Possible side effect
Common (>10%): Dizziness (12%), headache (12%), cough (8-12%), fatigue (5%). Less common (1-10%): Orthostatic hypotension, diarrhea, nausea, rash, hyperkalemia, chest pain. Rare (<1%): Angioedema, neutropenia/agranulocytosis, hepatic failure, pancreatitis, photosensitivity, impotence. Laboratory abnormalities: Increased BUN and serum creatinine (2-4%), elevated liver enzymes, decreased hemoglobin/hematocrit. Most adverse effects are dose-dependent and may diminish with continued therapy. The characteristic dry, non-productive cough may persist and require discontinuation in some patients.
Drug interaction
Potassium supplements/potassium-sparing diuretics: Increased risk of hyperkalemia. Diuretics: Potentiated hypotensive effect, particularly with initial coadministration. NSAIDs: May diminish antihypertensive effect and increase risk of renal impairment. Lithium: Increased lithium levels and toxicity risk. Oral hypoglycemics/insulin: Enhanced hypoglycemic effect. Gold injections: Nitritoid reactions reported. Aliskiren: Increased risk of renal impairment, hyperkalemia, and hypotension in diabetic patients. Sacubitril/valsartan: Contraindicated due to increased angioedema risk.
Missed dose
If a dose is missed, it should be taken as soon as possible on the same day. If the day has passed, the missed dose should be skipped and the regular dosing schedule resumed. Do not double the next dose to make up for the missed dose. Patients should be educated about maintaining consistent dosing timing to ensure stable therapeutic coverage. The long elimination half-life provides some buffer against transient missed doses, but consistent adherence is crucial for optimal blood pressure control.
Overdose
Symptoms primarily relate to exaggerated pharmacological effects: severe hypotension, bradycardia, circulatory shock, electrolyte disturbances, and renal failure. Management includes supportive care with volume expansion with normal saline for hypotension. Atropine may be used for bradycardia. Lisinopril is poorly dialyzable, but hemodialysis may be considered in severe cases. Angiotensin II infusion has been used investigationally.
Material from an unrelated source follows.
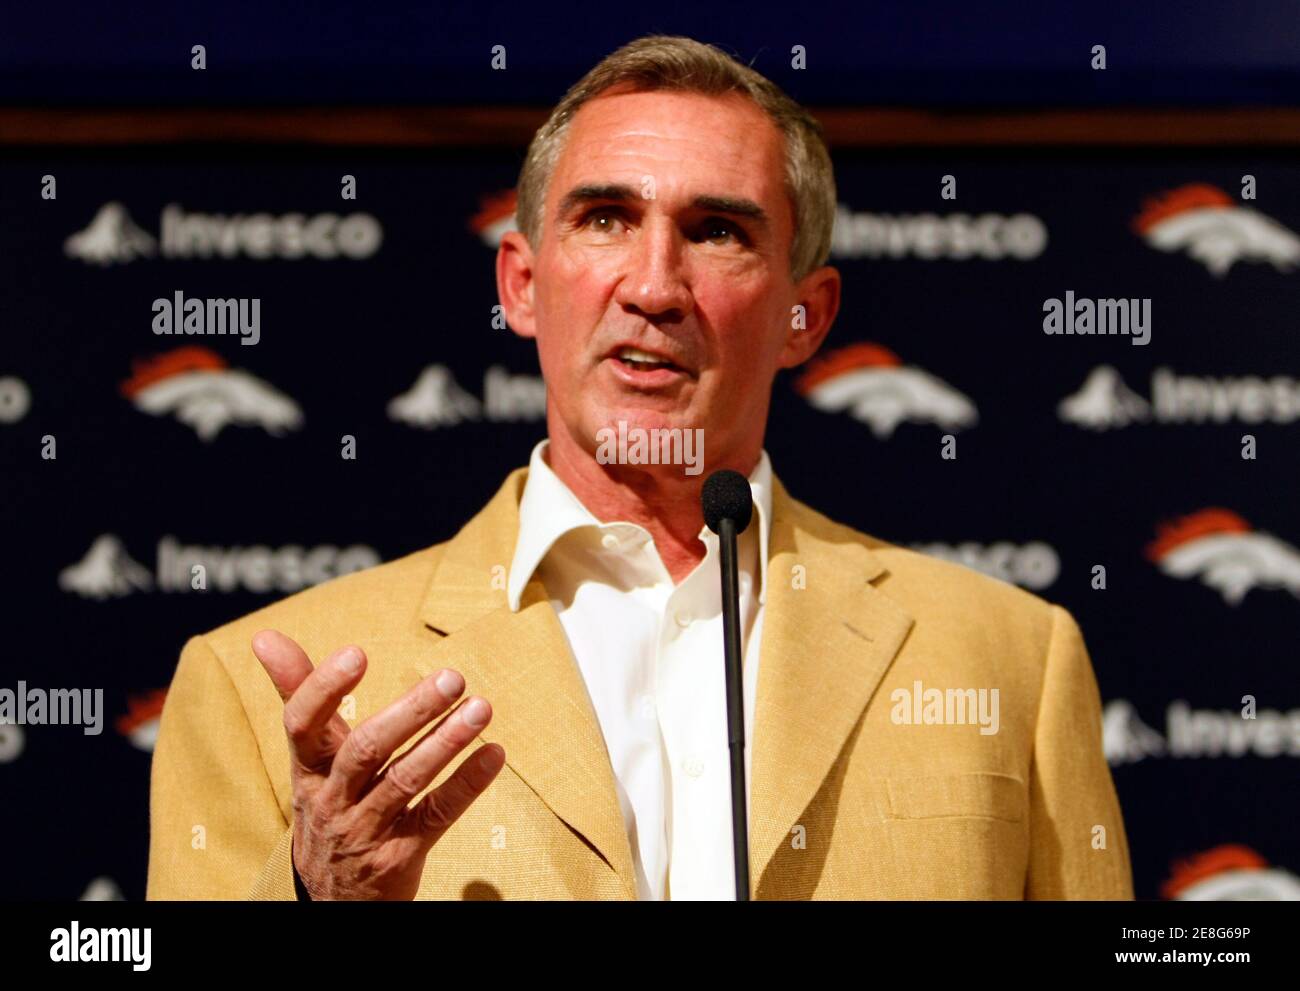 Former Denver Broncos head coach Mike Shanahan speaks at a news conference at Broncos headquarters in Denver December 31, 2008. Shanahan was fired as the head coach December 30. REUTERS/Rick Wilking (UNITED STATES) Stock Photo

Patients should receive continuous hemodynamic monitoring in an intensive care setting. Serum electrolytes and renal function should be monitored closely for several days post-overdose.
Storage
Store at controlled room temperature (20-25°C or 68-77°F) with excursions permitted between 15-30°C (59-86°F). Protect from excessive moisture and light. Keep container tightly closed. Dispense in original container with child-resistant closure. Do not store in bathroom medicine cabinet due to humidity fluctuations. Keep out of reach of children and pets. Do not use if tablets show evidence of discoloration, cracking, or other physical deterioration. Properly dispose of expired medication through medication take-back programs.
Disclaimer
This information is provided for educational purposes only and does not constitute medical advice. Prinivil is a prescription medication that should be used only under the supervision of a qualified healthcare professional. Individual patient response may vary, and therapeutic decisions should be based on comprehensive clinical assessment. Patients should not alter their dosage or discontinue medication without consulting their healthcare provider. The full prescribing information contains complete details regarding indications, contraindications, warnings, and precautions.
Reviews
Clinical trials demonstrate Prinivil’s efficacy with 65-70% of hypertensive patients achieving blood pressure control (<140/90 mmHg) at 10-20 mg daily dosage. Meta-analyses of heart failure studies show 16% reduction in mortality risk and 26% reduction in hospitalizations. Post-MI studies indicate 11% reduction in 6-week mortality when initiated within 24 hours of infarction. Long-term extension studies confirm maintained efficacy over 4+ years of treatment. Patient satisfaction surveys report high adherence rates due to once-daily dosing and generally favorable side effect profile, though cough remains a notable cause of discontinuation in 3-5% of patients.